◆ **Activity**:
Each line starting at the one that contains "Phottix PH89090 Odin" and ending at the one that contains "200mm Thickness Polyurethane" must be returned exactly, and the rest of the listing is left out.

◆ **Data extract**:
═══
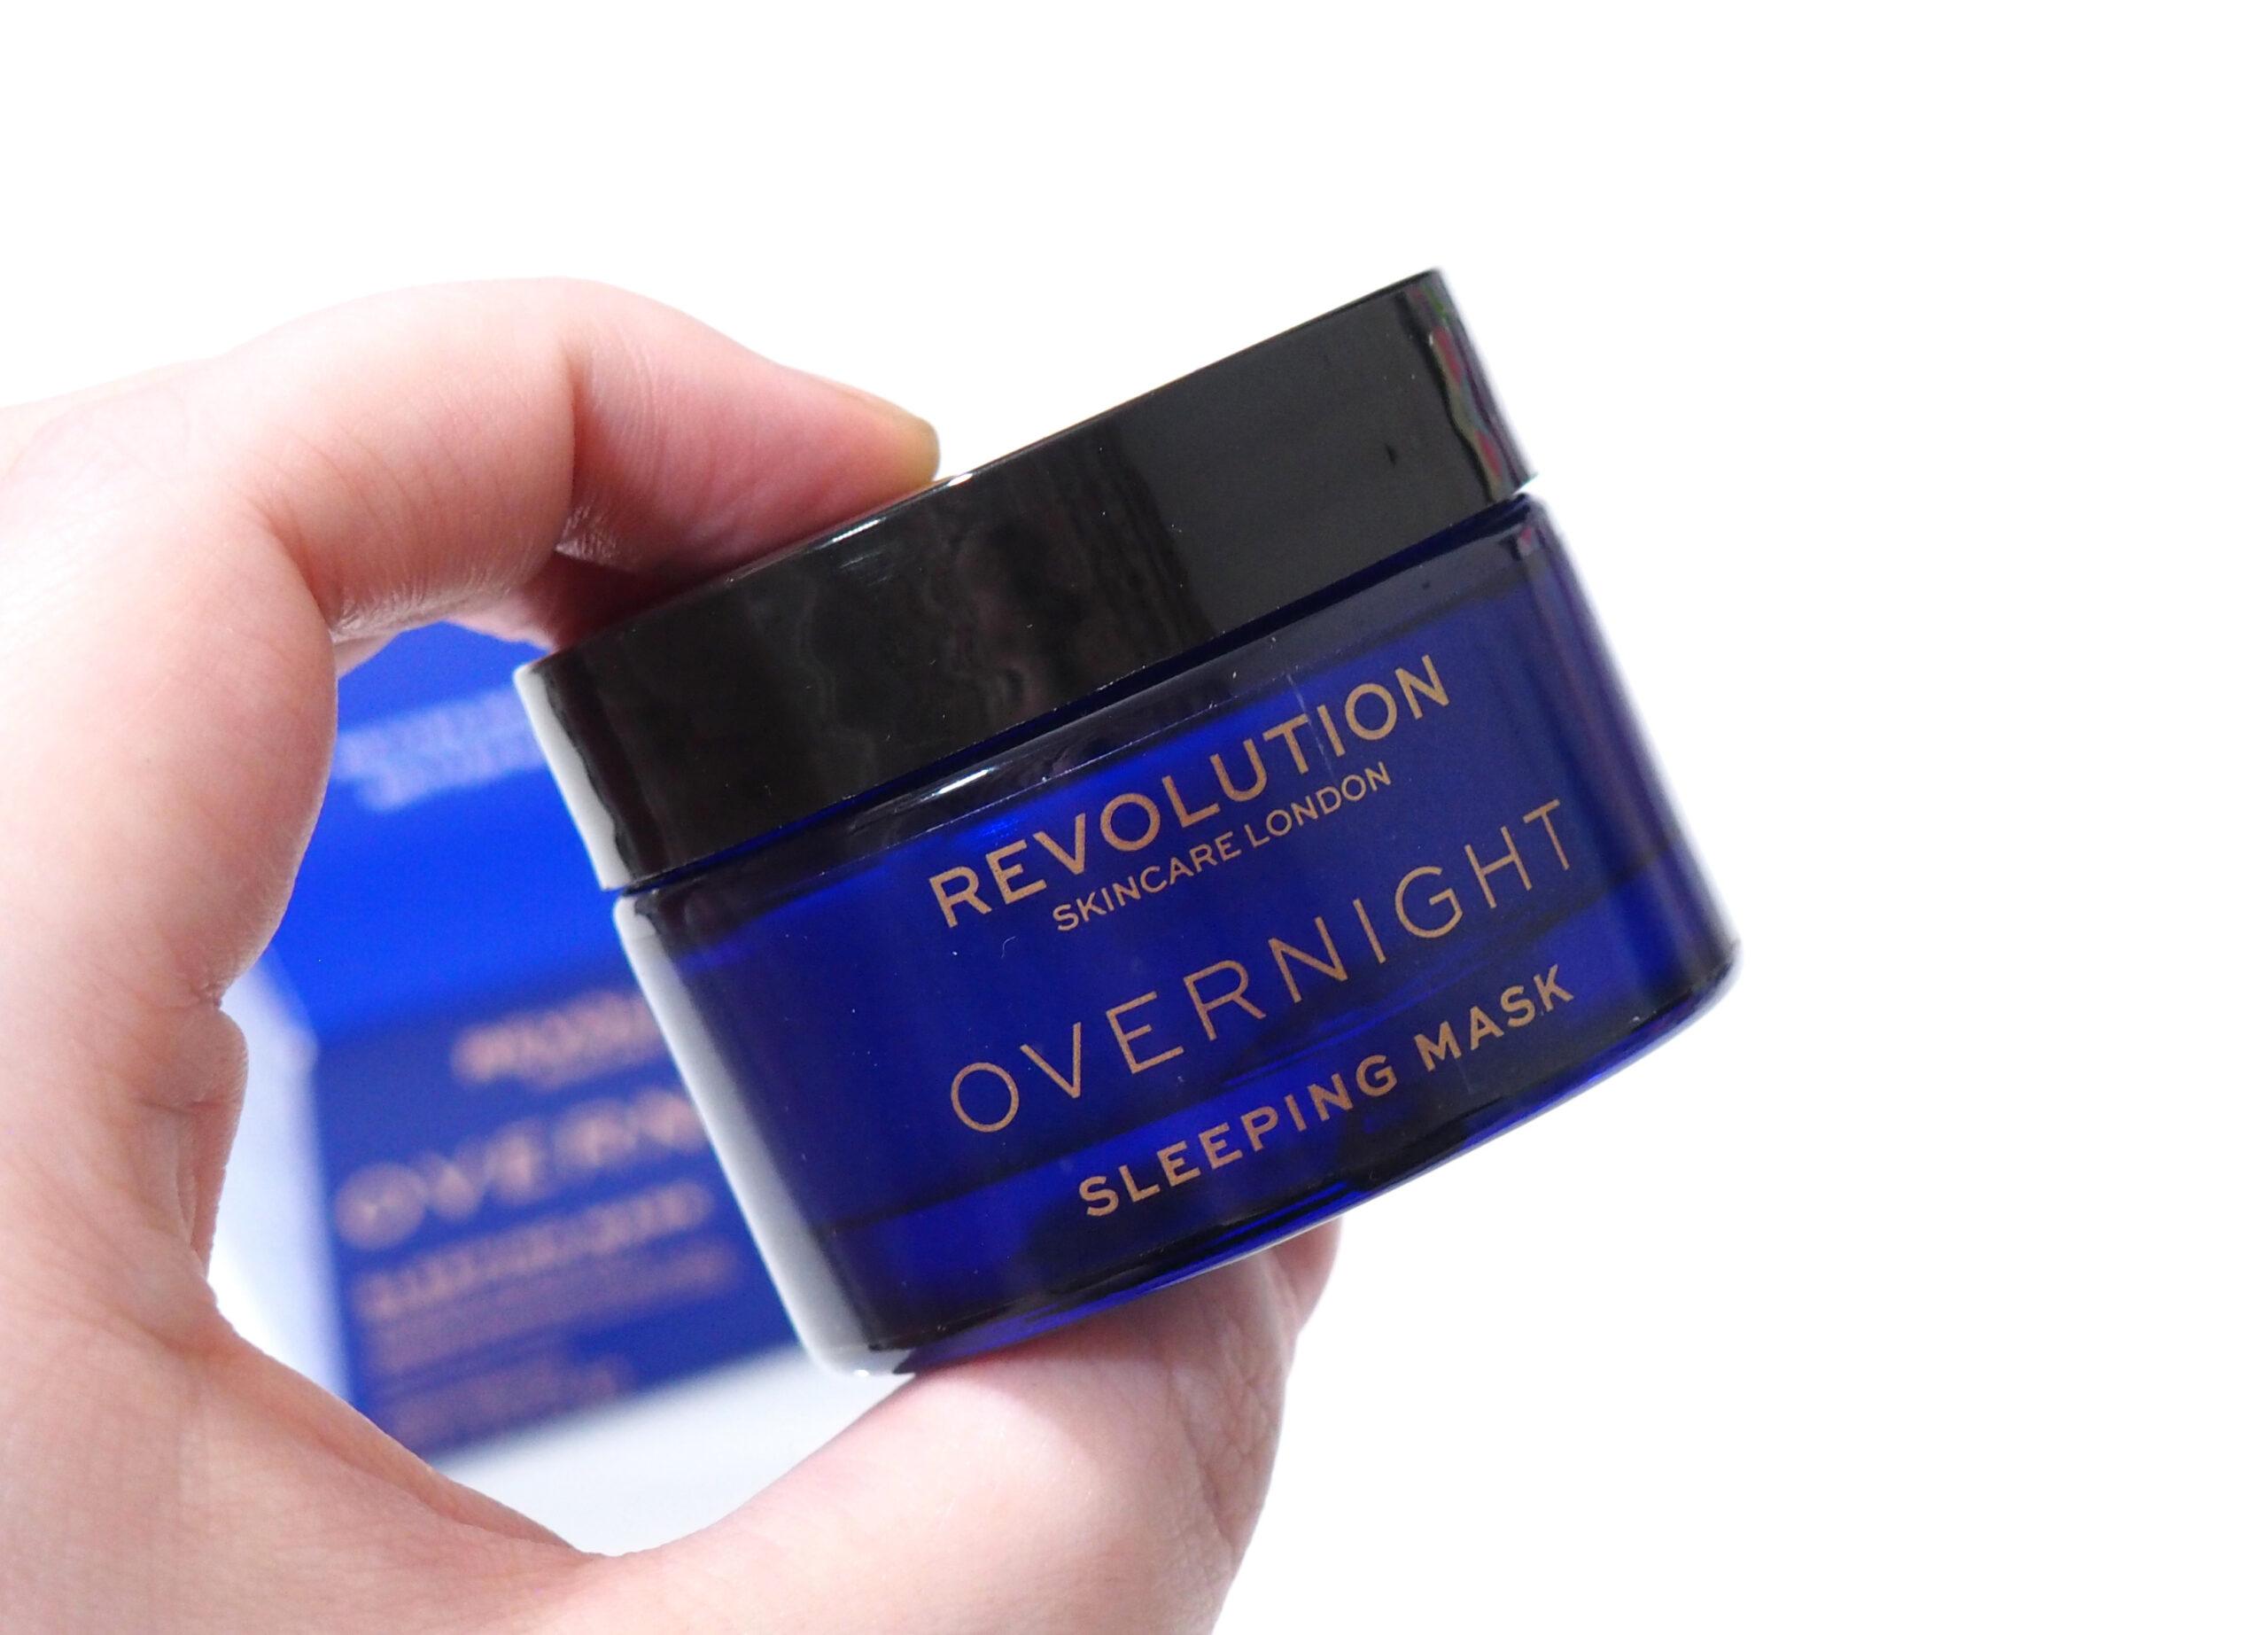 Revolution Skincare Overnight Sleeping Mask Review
═══
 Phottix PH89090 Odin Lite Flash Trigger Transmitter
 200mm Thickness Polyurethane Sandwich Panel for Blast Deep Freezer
═══
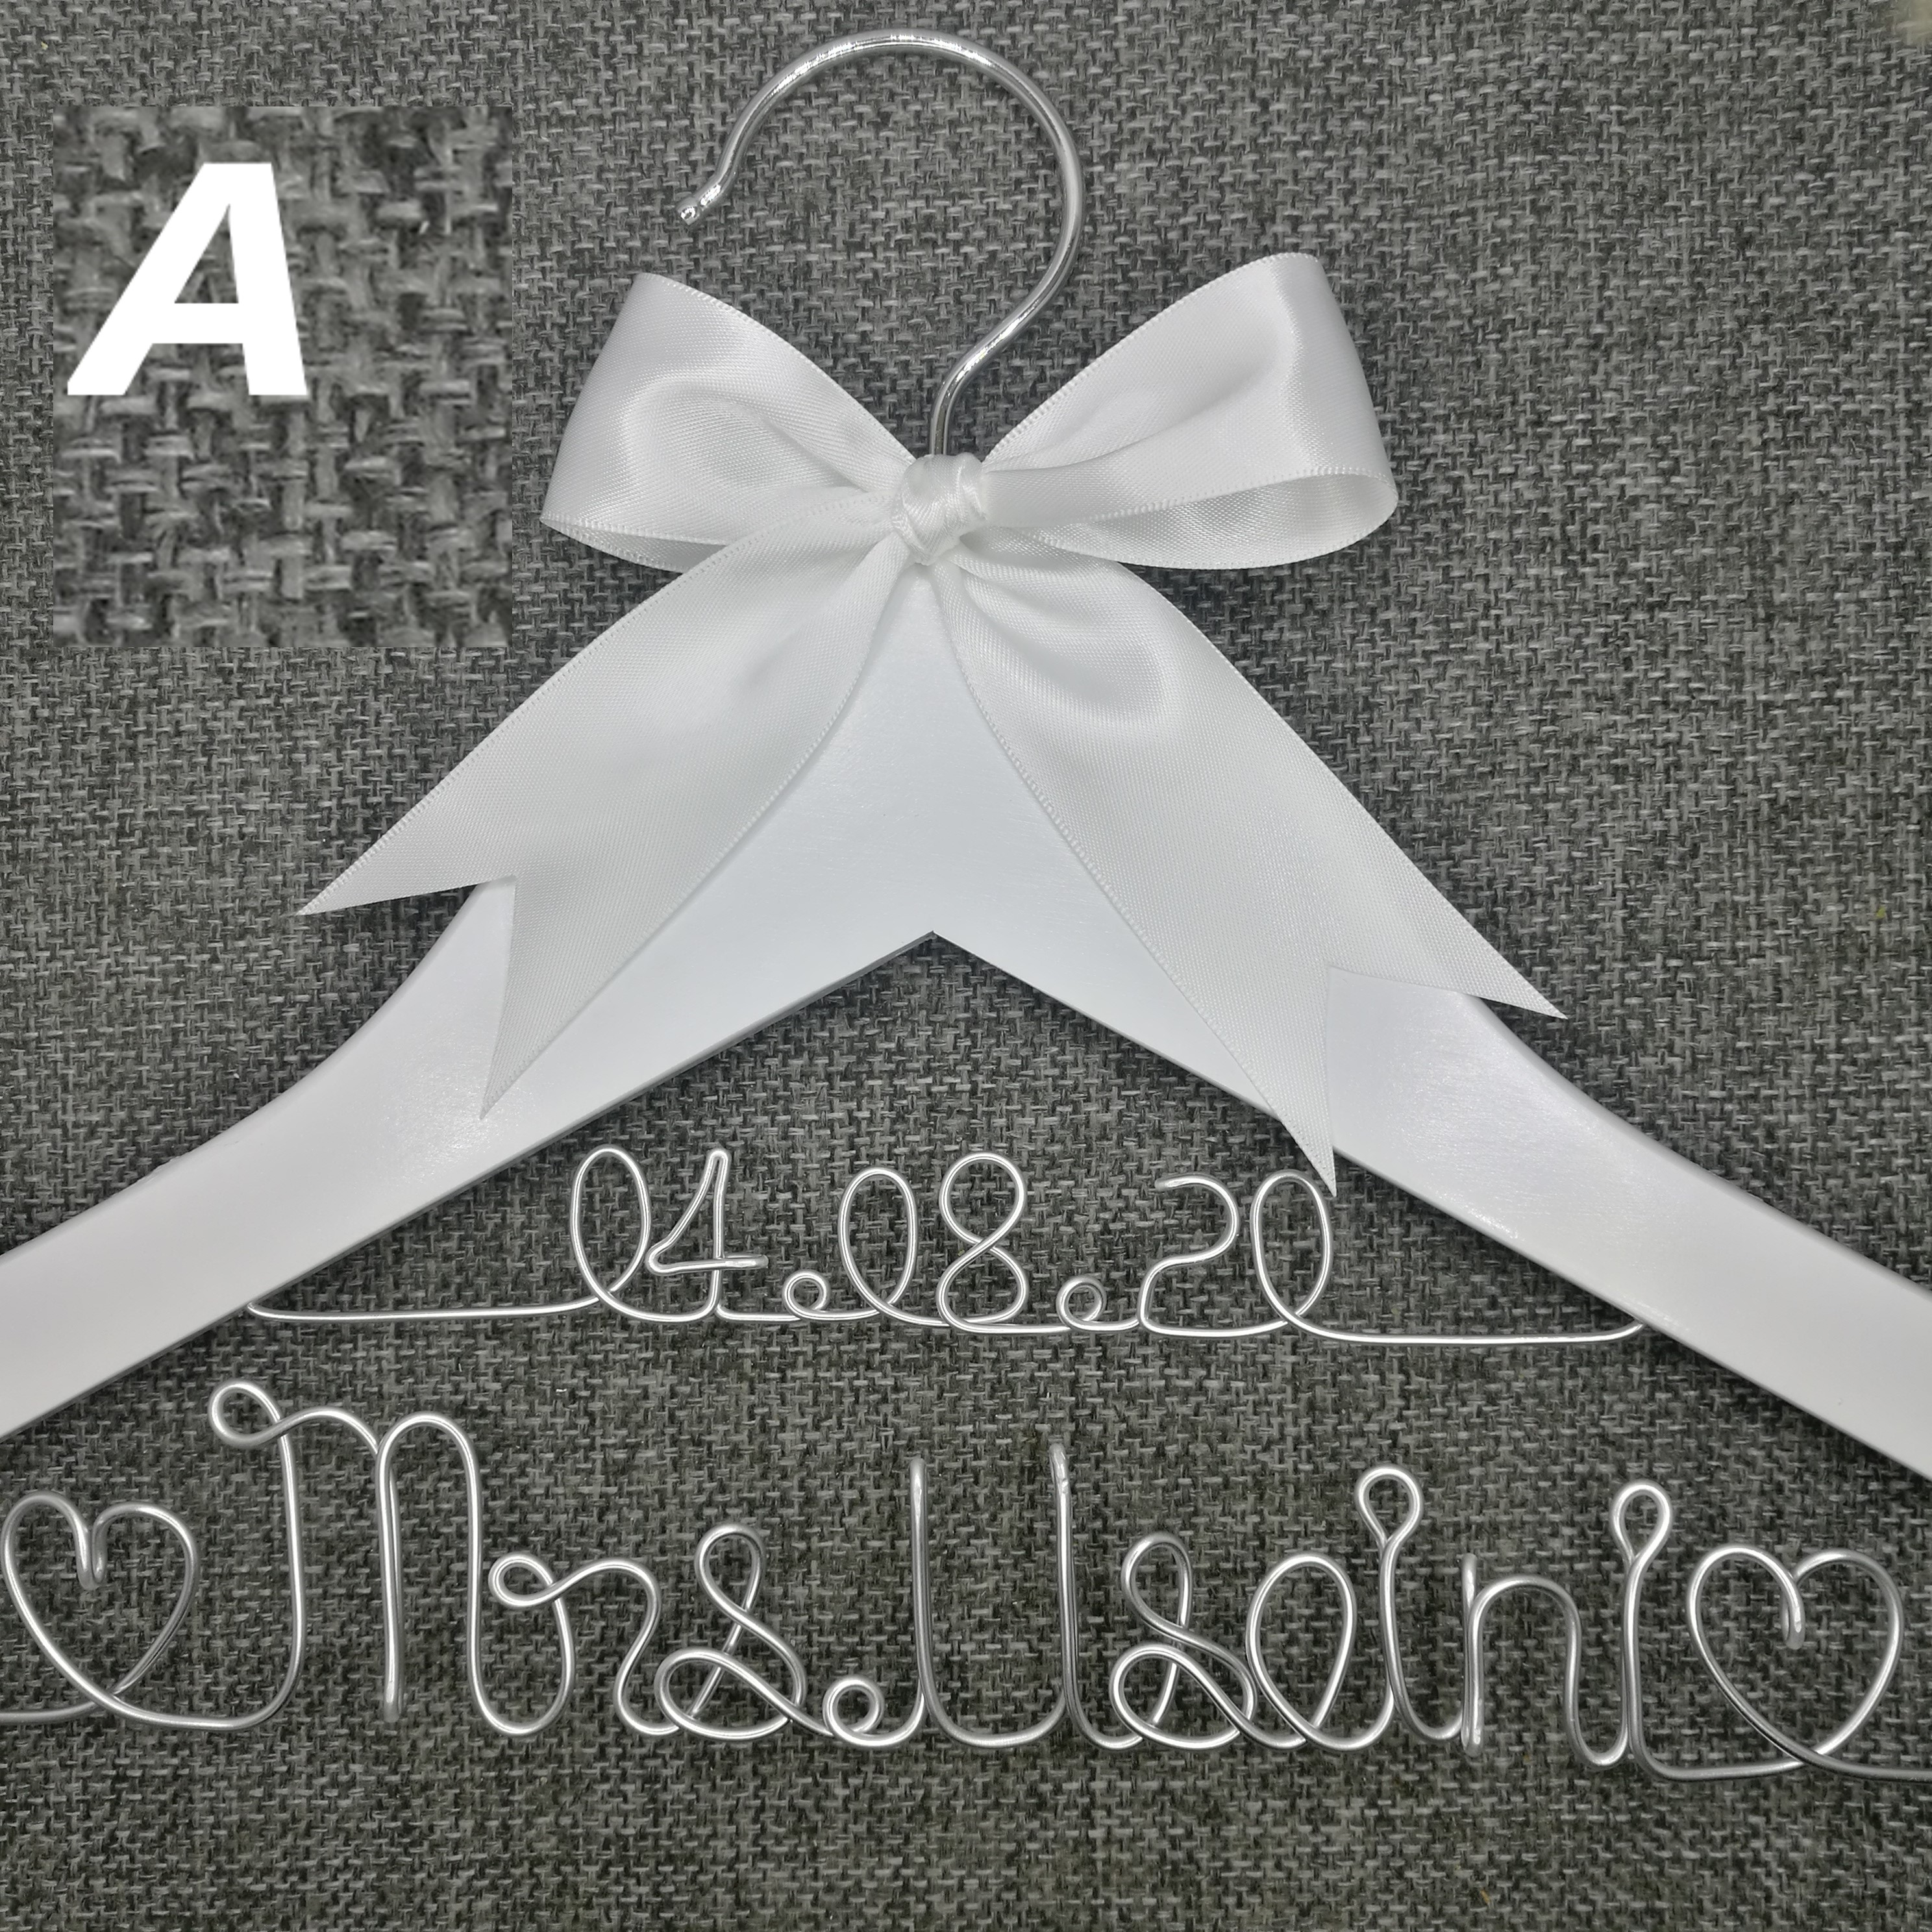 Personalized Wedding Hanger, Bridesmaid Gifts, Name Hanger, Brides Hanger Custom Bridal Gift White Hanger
═══
◆ **Task response**:
 Phottix PH89090 Odin Lite Flash Trigger Transmitter
 200mm Thickness Polyurethane Sandwich Panel for Blast Deep Freezer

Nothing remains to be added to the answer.